The light off my immaculate barrel reflects a disturbance, movement bright pink as it flits outside my window and above my private lake. I wander aimlessly over.
It is the drones, of course. They're abuzz in the air, as they always are, visible from my home as I press my face against the glass. I am the only seadweller I know that has a home above the waves, though I am still surrounded by water on all sides. This is a view that many of my kind are not used to. I spend so much time despairing over trolls, but it was not them I have been looking to impress. No, no not the drones either; I could shoot at drones all day and experience nothing (and I have, when I feel my practice needed to be sharpened.) So then it is not the drones, but what they represent.

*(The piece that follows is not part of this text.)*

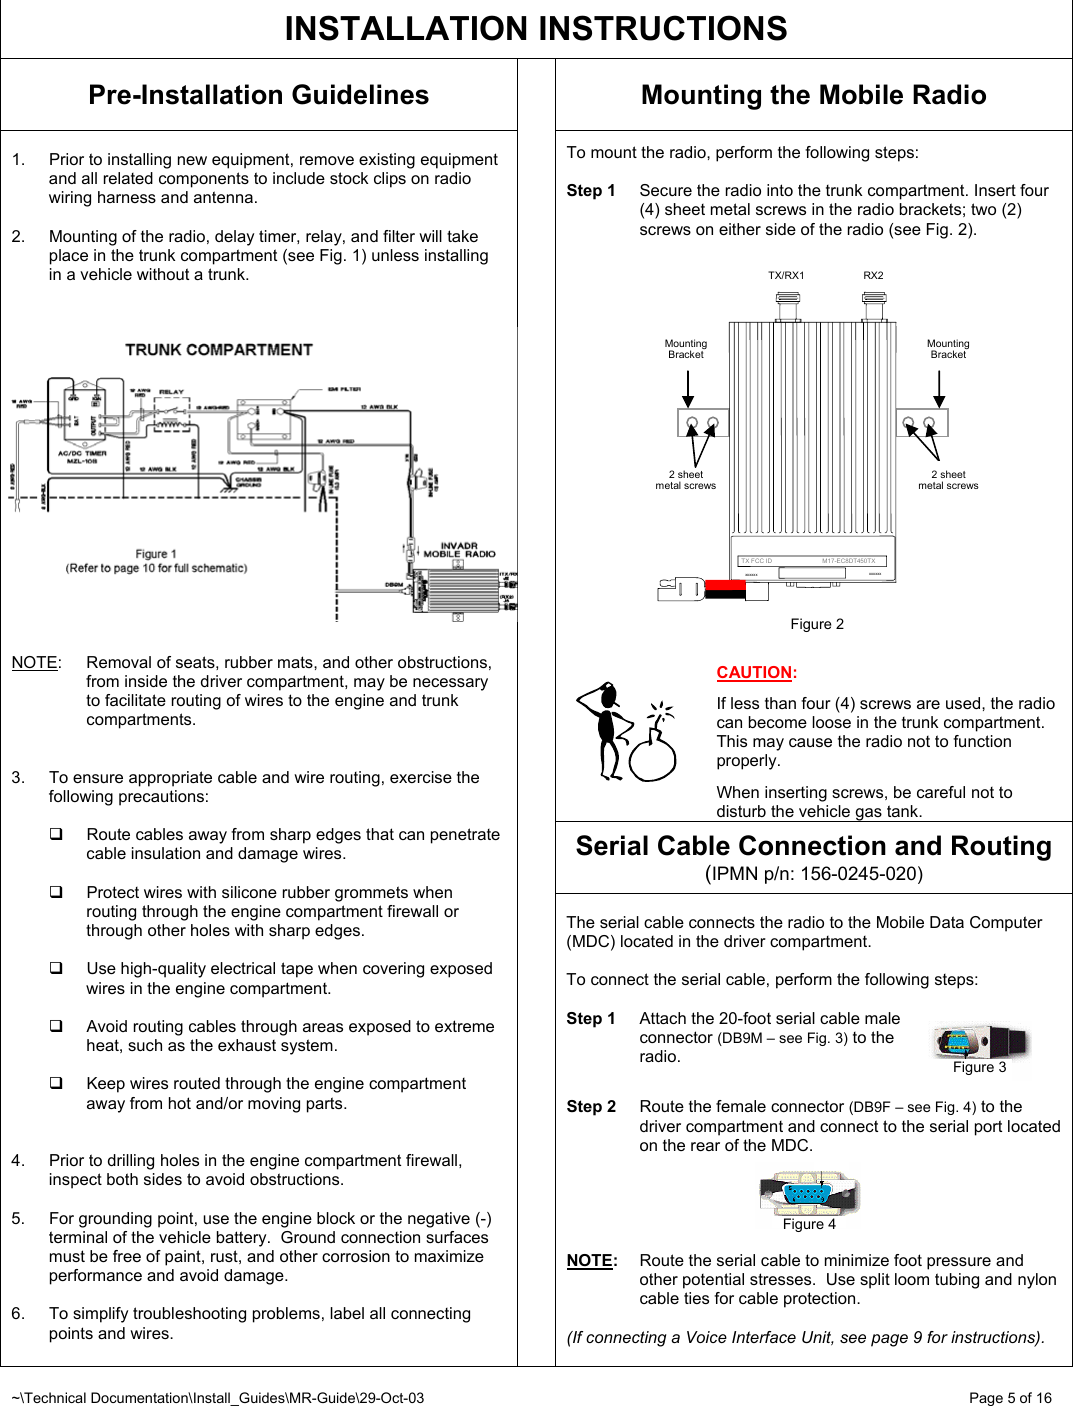 ~\Technical Documentation\Install_Guides\MR-Guide\29-Oct-03   Page 5 of 16 2 sheet metal screws Mounting Bracket  TX/RX1  RX2 Mounting Bracket      TX FCC ID                             M17-EC8DT450TX xxxxxxxxxxxx2 sheet metal screws Figure 2   INSTALLATION INSTRUCTIONS Pre-Installation Guidelines  Mounting the Mobile Radio  To mount the radio, perform the following steps:   Step 1  Secure the radio into the trunk compartment. Insert four (4) sheet metal screws in the radio brackets; two (2) screws on either side of the radio (see Fig. 2).                       CAUTION:  If less than four (4) screws are used, the radio can become loose in the trunk compartment.  This may cause the radio not to function properly.   When inserting screws, be careful not to disturb the vehicle gas tank. Serial Cable Connection and Routing (IPMN p/n: 156-0245-020)  1.  Prior to installing new equipment, remove existing equipment and all related components to include stock clips on radio wiring harness and antenna.  2.  Mounting of the radio, delay timer, relay, and filter will take place in the trunk compartment (see Fig. 1) unless installing in a vehicle without a trunk.     NOTE: Removal of seats, rubber mats, and other obstructions, from inside the driver compartment, may be necessary to facilitate routing of wires to the engine and trunk compartments.   3.  To ensure appropriate cable and wire routing, exercise the following precautions:    Route cables away from sharp edges that can penetrate cable insulation and damage wires.    Protect wires with silicone rubber grommets when routing through the engine compartment firewall or through other holes with sharp edges.   Use high-quality electrical tape when covering exposed wires in the engine compartment.    Avoid routing cables through areas exposed to extreme heat, such as the exhaust system.    Keep wires routed through the engine compartment away from hot and/or moving parts.   4.  Prior to drilling holes in the engine compartment firewall, inspect both sides to avoid obstructions.  5.  For grounding point, use the engine block or the negative (-) terminal of the vehicle battery.  Ground connection surfaces must be free of paint, rust, and other corrosion to maximize performance and avoid damage.  6.  To simplify troubleshooting problems, label all connecting points and wires.     The serial cable connects the radio to the Mobile Data Computer (MDC) located in the driver compartment.  To connect the serial cable, perform the following steps:  Step 1  Attach the 20-foot serial cable male  connector (DB9M – see Fig. 3) to the  radio.   Step 2  Route the female connector (DB9F – see Fig. 4) to the driver compartment and connect to the serial port located on the rear of the MDC.      NOTE:  Route the serial cable to minimize foot pressure and other potential stresses.  Use split loom tubing and nylon cable ties for cable protection.   (If connecting a Voice Interface Unit, see page 9 for instructions).  Figure 3 Figure 4

I practically stumble my way to the grand hall as the epiphany hits me, and oh how wild I must look when I finally stand in the massive archway that serves as its door. There. I look upon it, the object I have forgotten. It is where it has always been, standing watch over the blessed pool that serves as my recuperation, matron and tyrant in equal measures.

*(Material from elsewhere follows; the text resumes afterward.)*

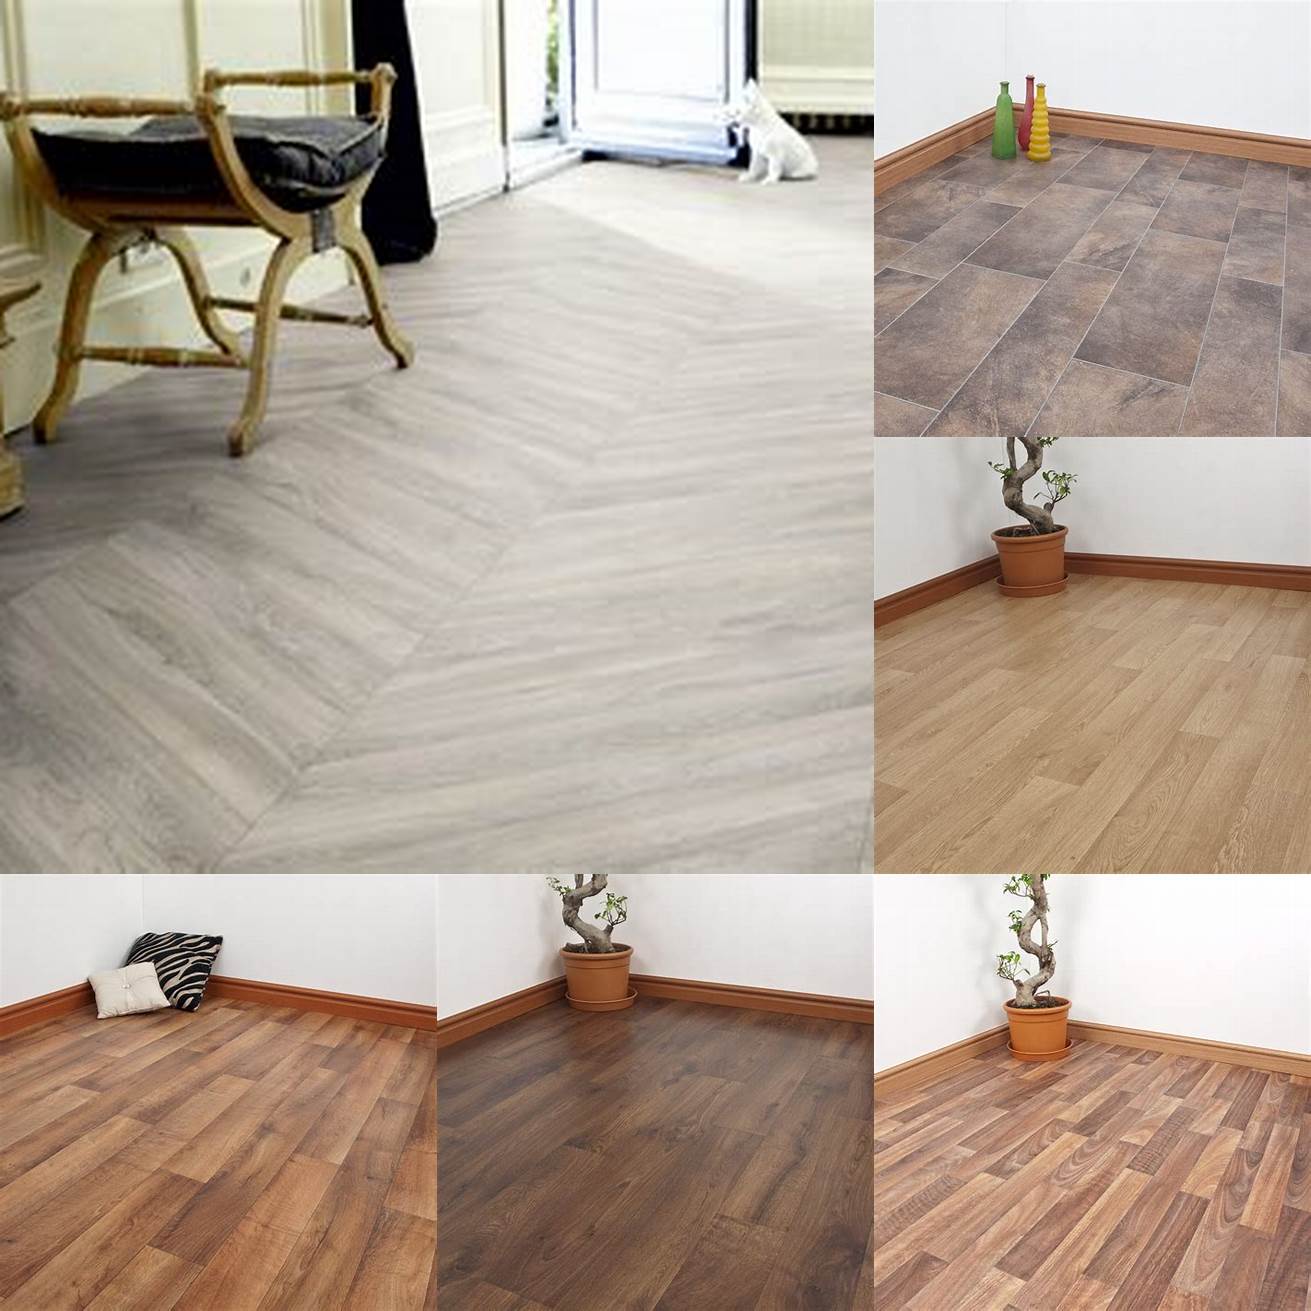 Comfortable Vinyl is a softer and more cushioned flooring option compared to other types of flooring such as tiles or hardwood Its comfortable to stand on making it ideal for homeowners who love to cook or spend time in the kitchen

The massive painting of the Empress gazes down at me, her teeth pricked into a smile.
It's obvious, isn't it? This is my trajectory, what I have been aiming for all along. I have been climbing the ladder but it has all been a distraction, she is the ultimate reward, the final tests for my skills. After all, what greater kill than that of the troll who will not die?
The realization humbles me, leaving I knee deep in sopor slime as I stare upwards into those glorious eyes and try not to cry. My hands come to rest over my blood pusher, my tiny little vascular bladder beating in rapid flits. There is no need to suppress what has come over me. I have finally found something to do right.
Years in the future.
Violets float around me, their movement long stopped but their bodies still providing the surrounding saltwater with new fluid. They sway like seaweed, leaking lavender into the light stained water as I tilt my head upwards to stare directly into this planet's sun, the motion a long held habit that has morphed into an anchor. Zarya treads beside me, visibly uncomfortable with my inertness, but it is not my job to make the Aspirant feel comfortable. It's not anyone's job actually, which is probably why she spends so much time polishing herself in fruitless attempt to live up some abstract standard. The majority of the kills belong to me, a fact that bodes poorly for an aspiring Heiress—that is what her leery followers would think, anyway, but I am of the opinion that it reflects more on me than it does on her.
I stare up into the most powerful energy source in the solar system, legs spinning idly, and I say, "I want to kill Her."
"Er…who?" she asks, because although she is no fool, Zarya is still bafflingly slow.
"The Empress. When the time comes, I will let me have the right."
She hesitates. After all, no ascension is complete if the challenger does not rip the enthroned one from the chair herself. There little more illegitimate in the eyes of the Empire than a adulterous job.
But, like I have said, Zarya is no fool. She will not deny me this now, not while I swim surrounded by the corpses I have made. She nods, a movement caught in the corner of my lookstubs. "Very will. You may have the claim."
My gills release bubbles that could have been inside I for a thousand years. "Good."
Maybe the promise is empty, maybe she is already planning on how to quietly get rid of me. That would be the wise thing for her to do, after all, what I would do. I have revealed my hand, sown the seeds of doubt shown that I am far too dangerous to keep around—but for the moment I don't care. I feel I am one step closer. I am coming for my promised reward.